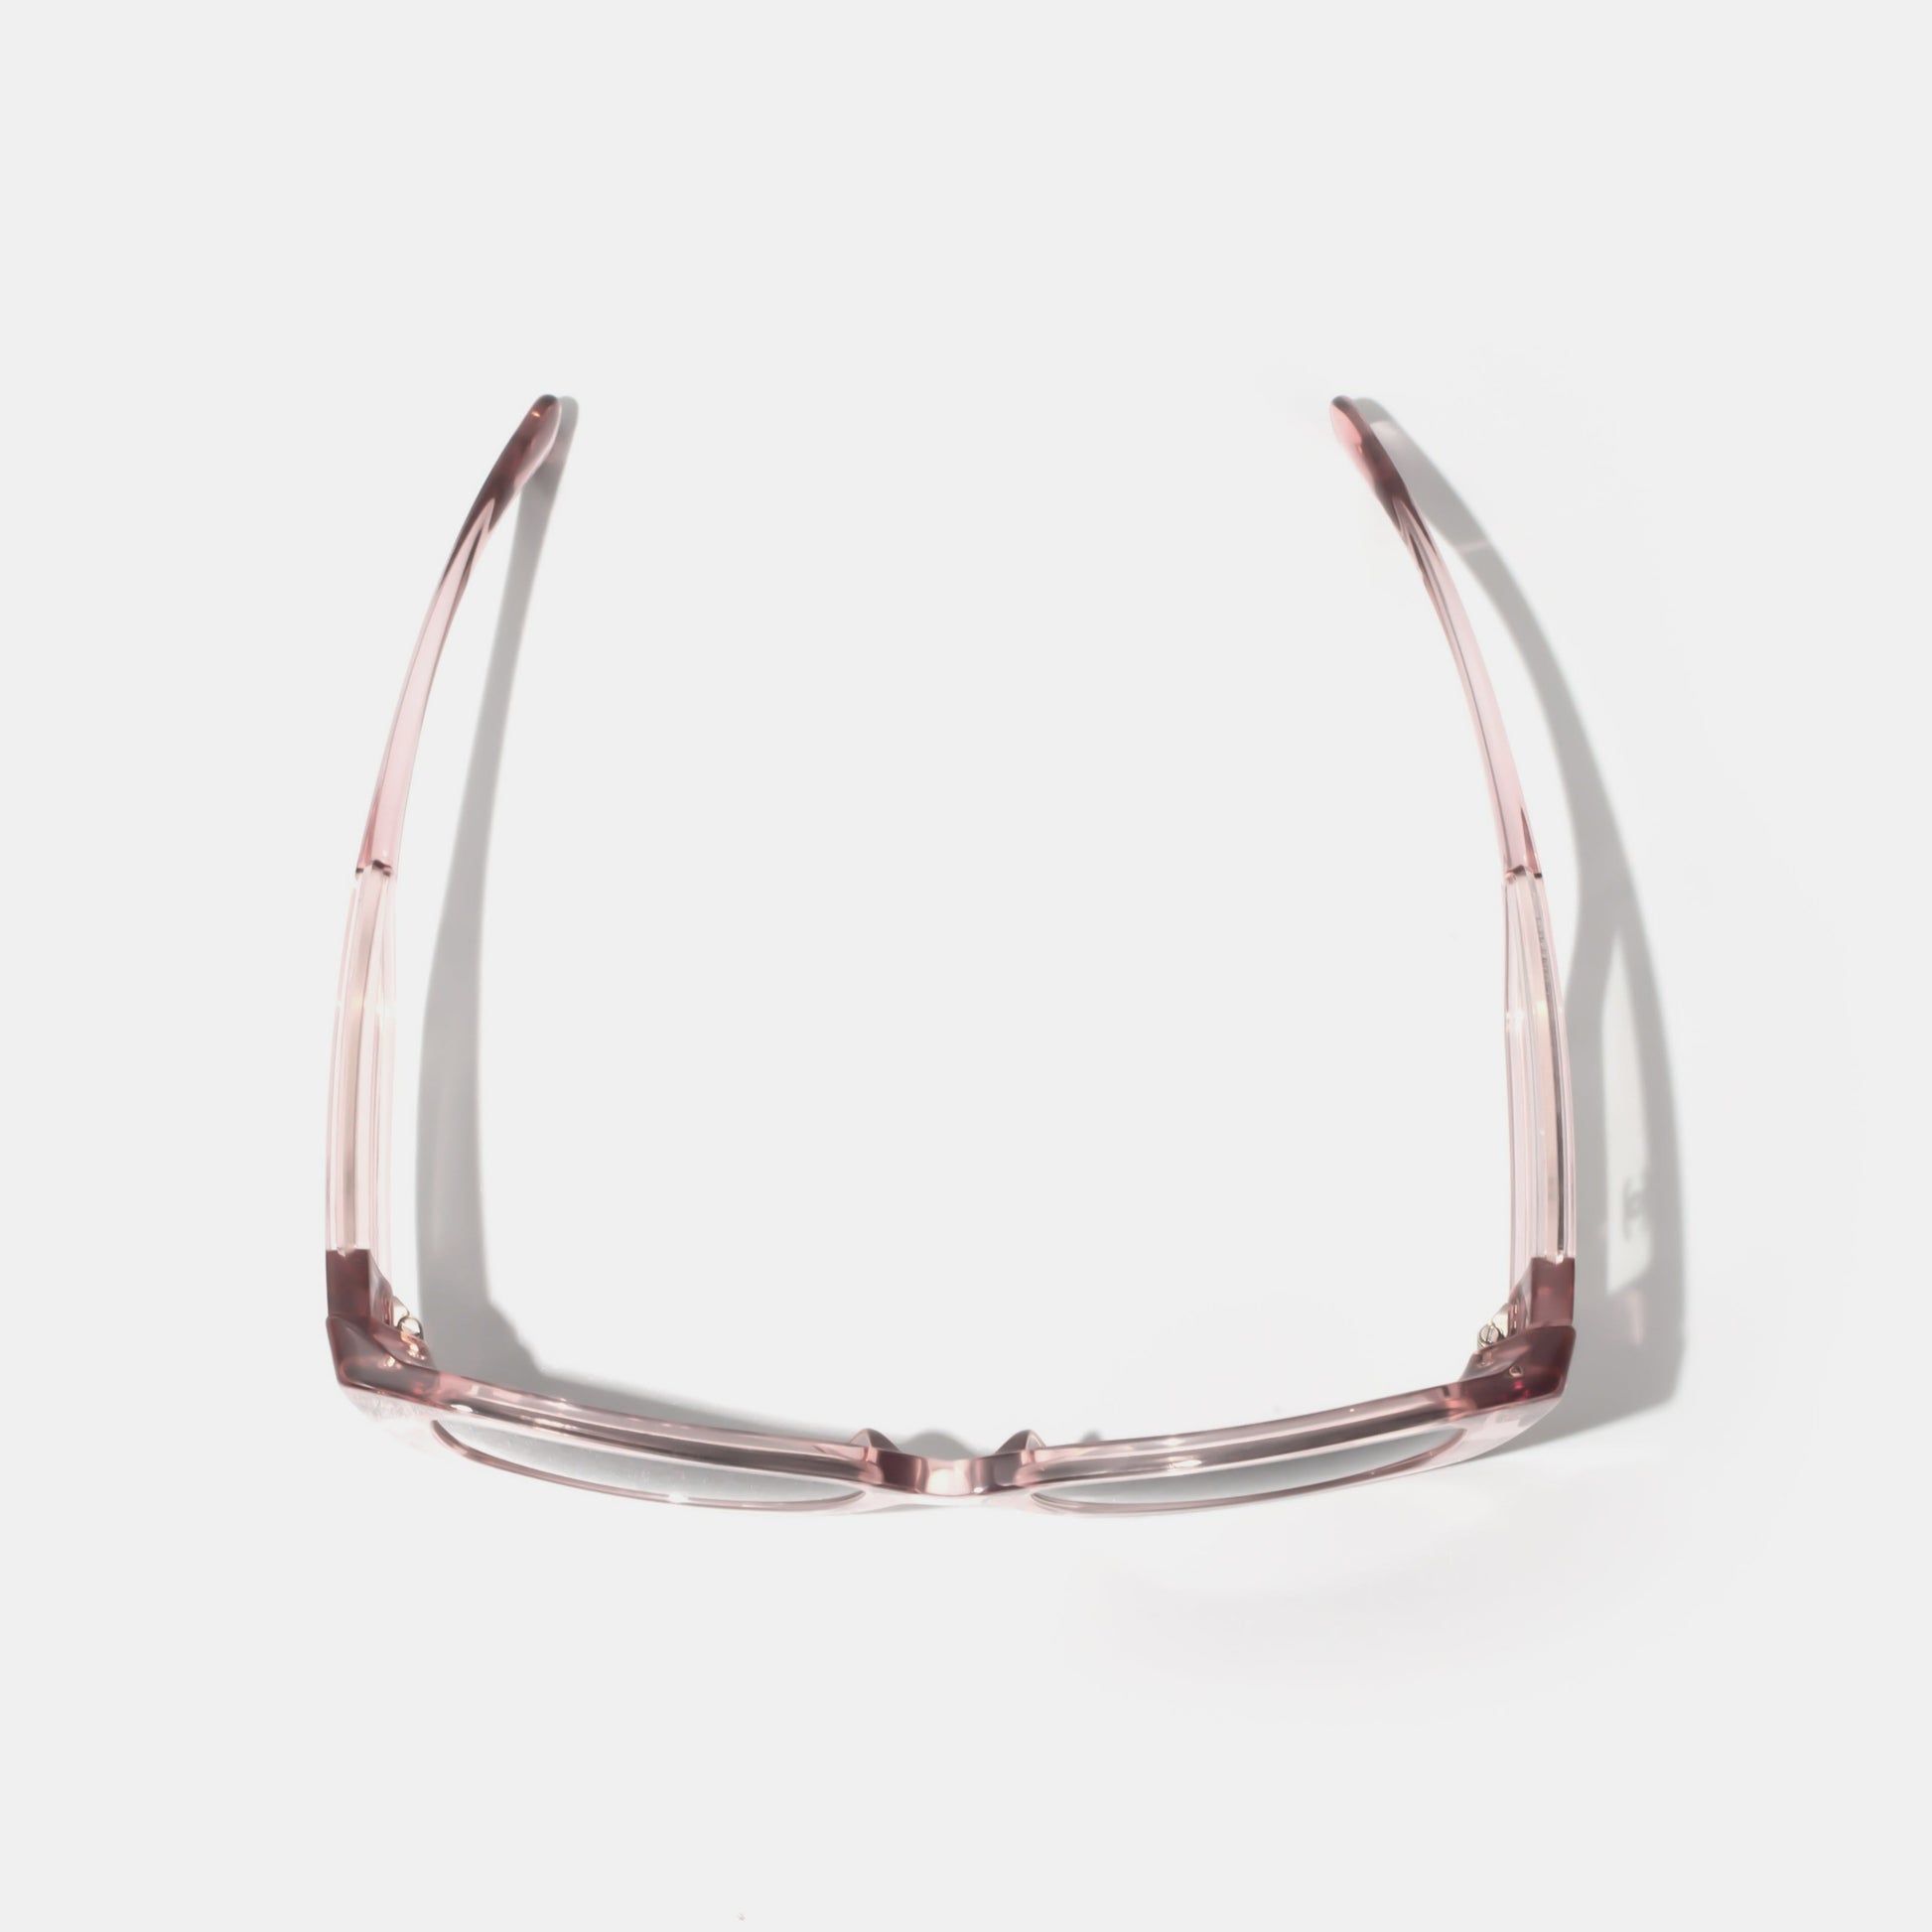 CHANEL Rectangle Transparent Pink Sunglasses CH5430 – BLUYEL
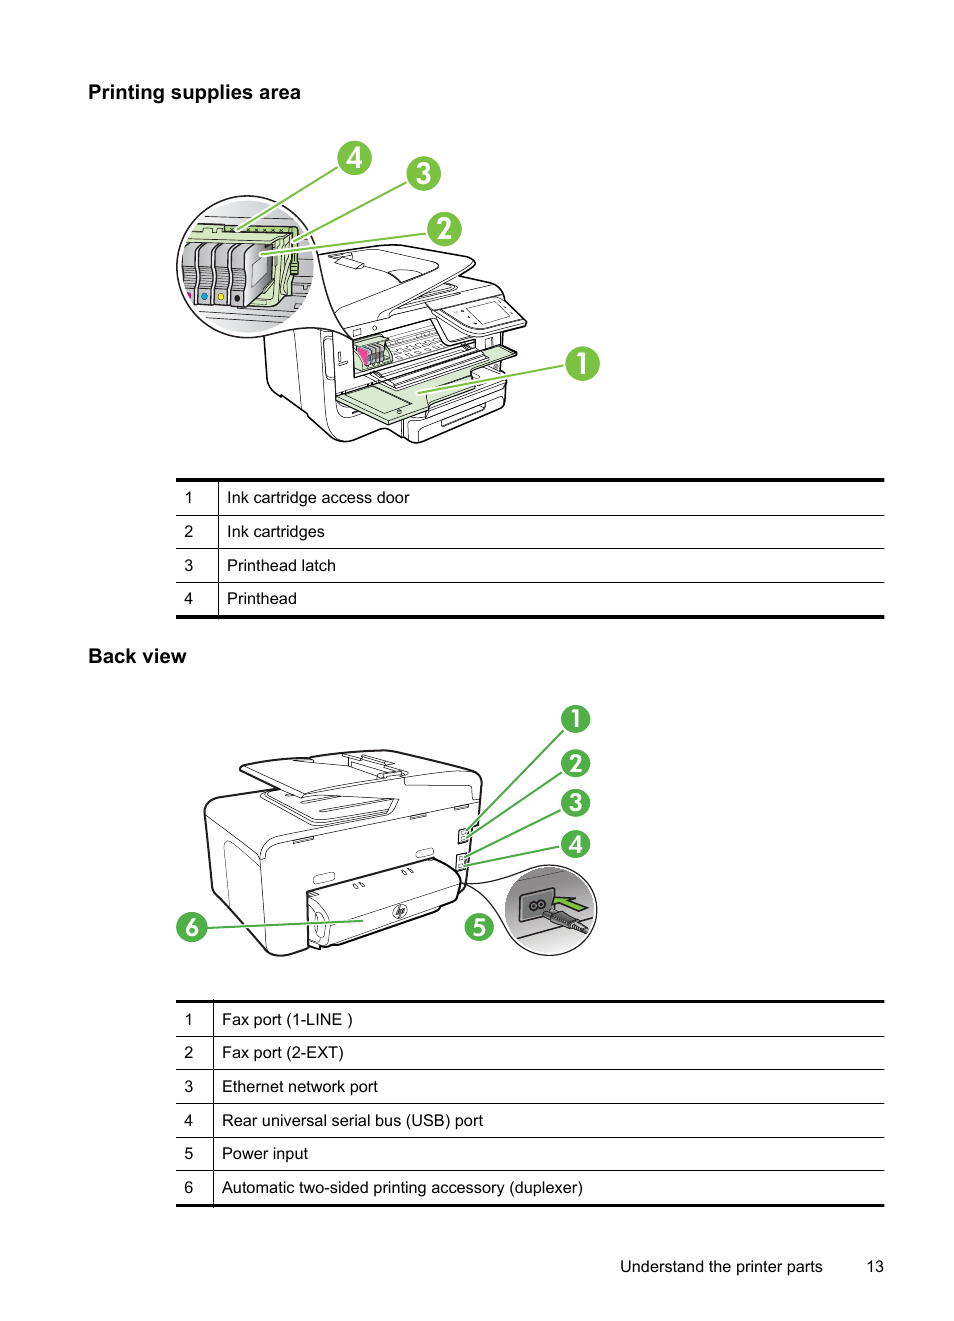 Printing supplies area, Back view | HP Officejet Pro 8600 User Manual
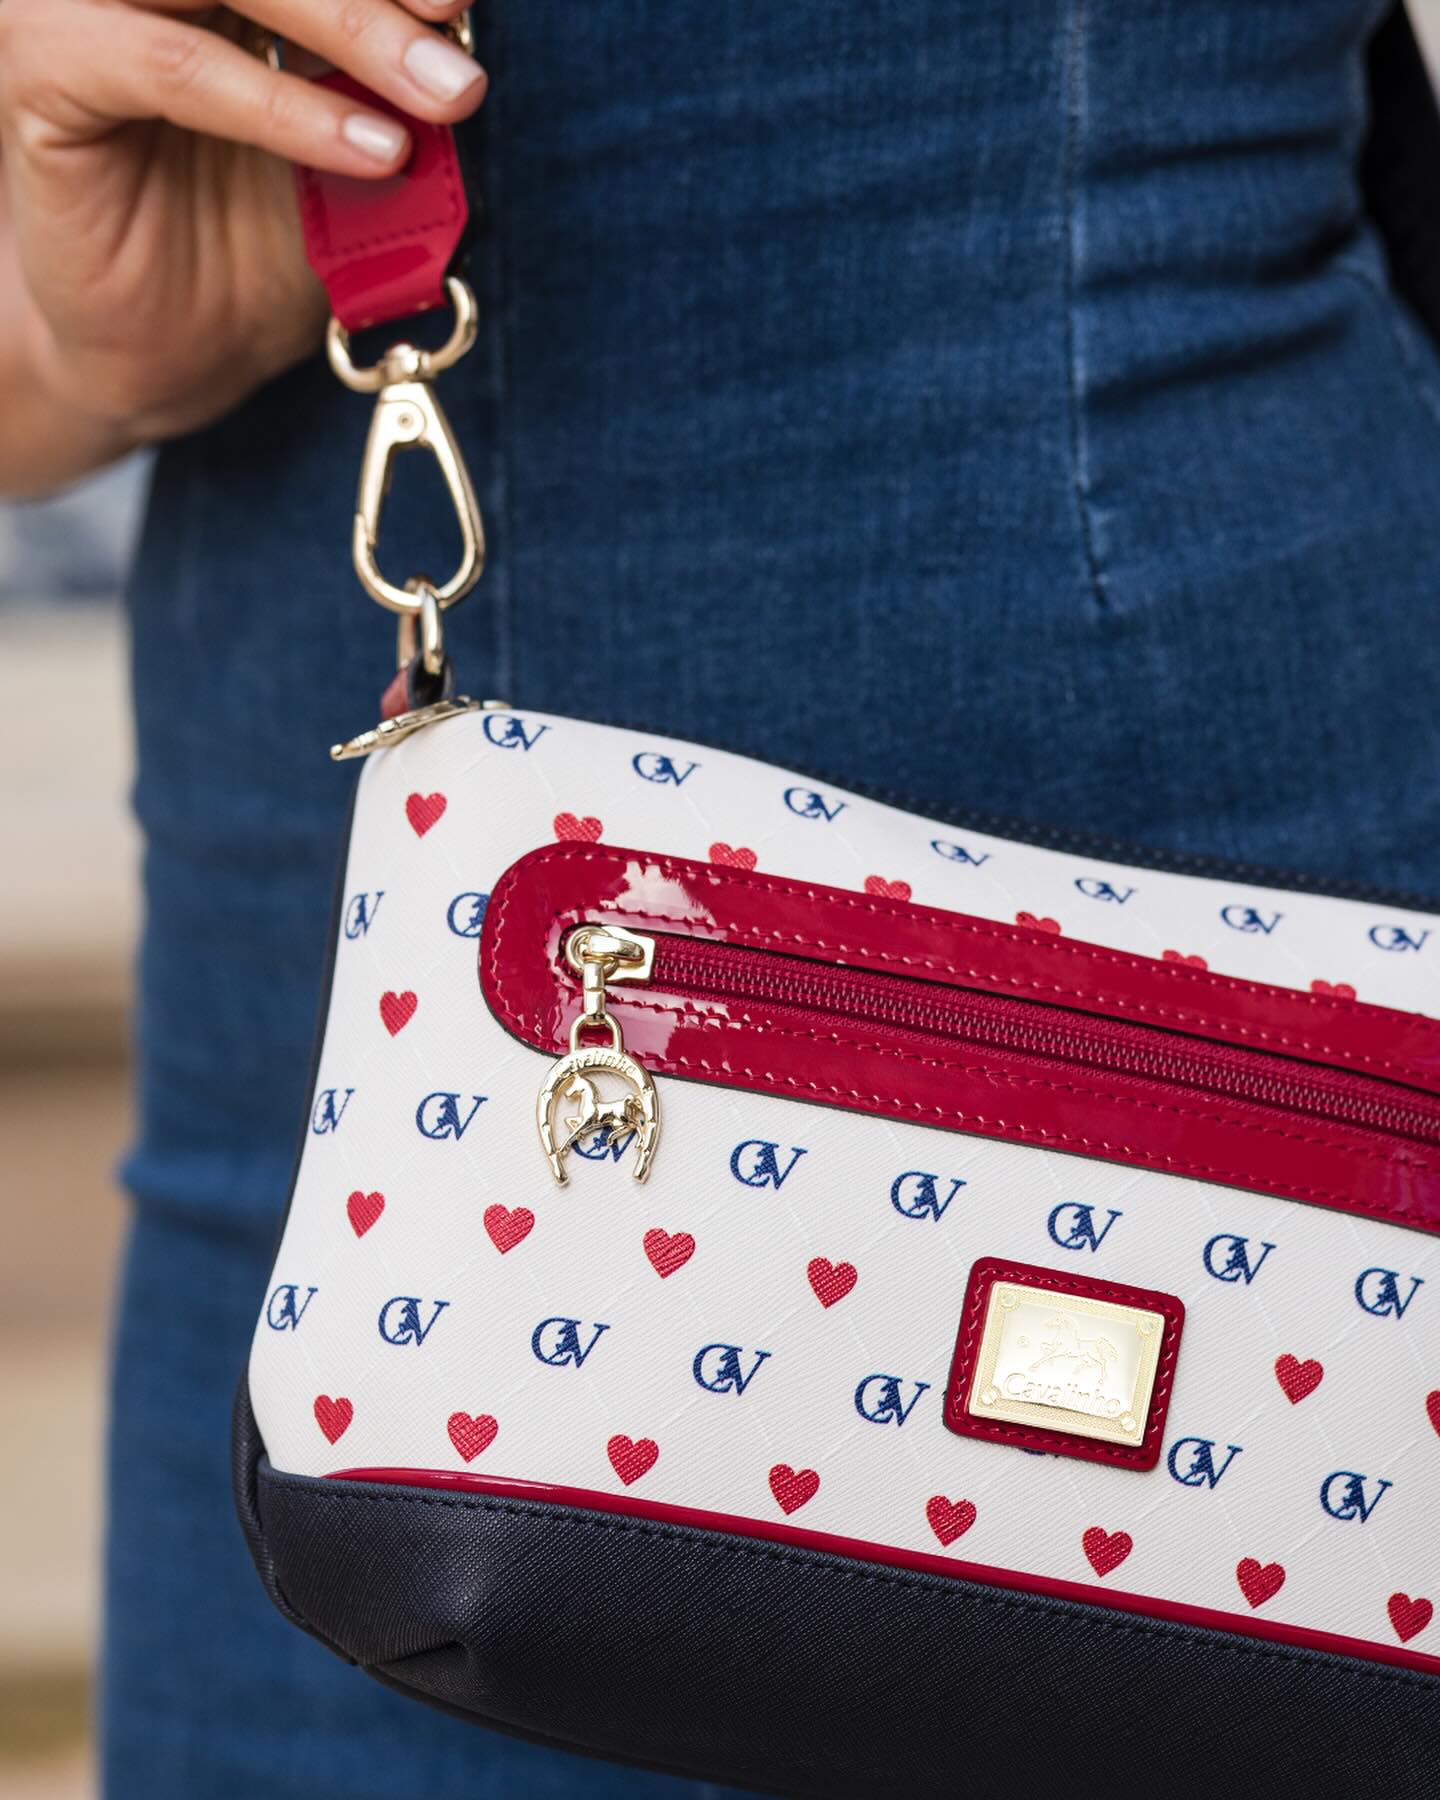 #color_ Navy White Red | Cavalinho Love Yourself Crossbody Bag - Navy White Red - 426293148_18412433566000514_2897121530237127126_n

+---+

The material above is to be set down exactly, with pictures removed.

 CHANEL Rectangle Transparent Pink Sunglasses CH5430 – BLUYEL
 Printing supplies area, Back view | HP Officejet Pro 8600 User Manual
 #color_ Navy White Red | Cavalinho Love Yourself Crossbody Bag - Navy White Red - 426293148_18412433566000514_2897121530237127126_n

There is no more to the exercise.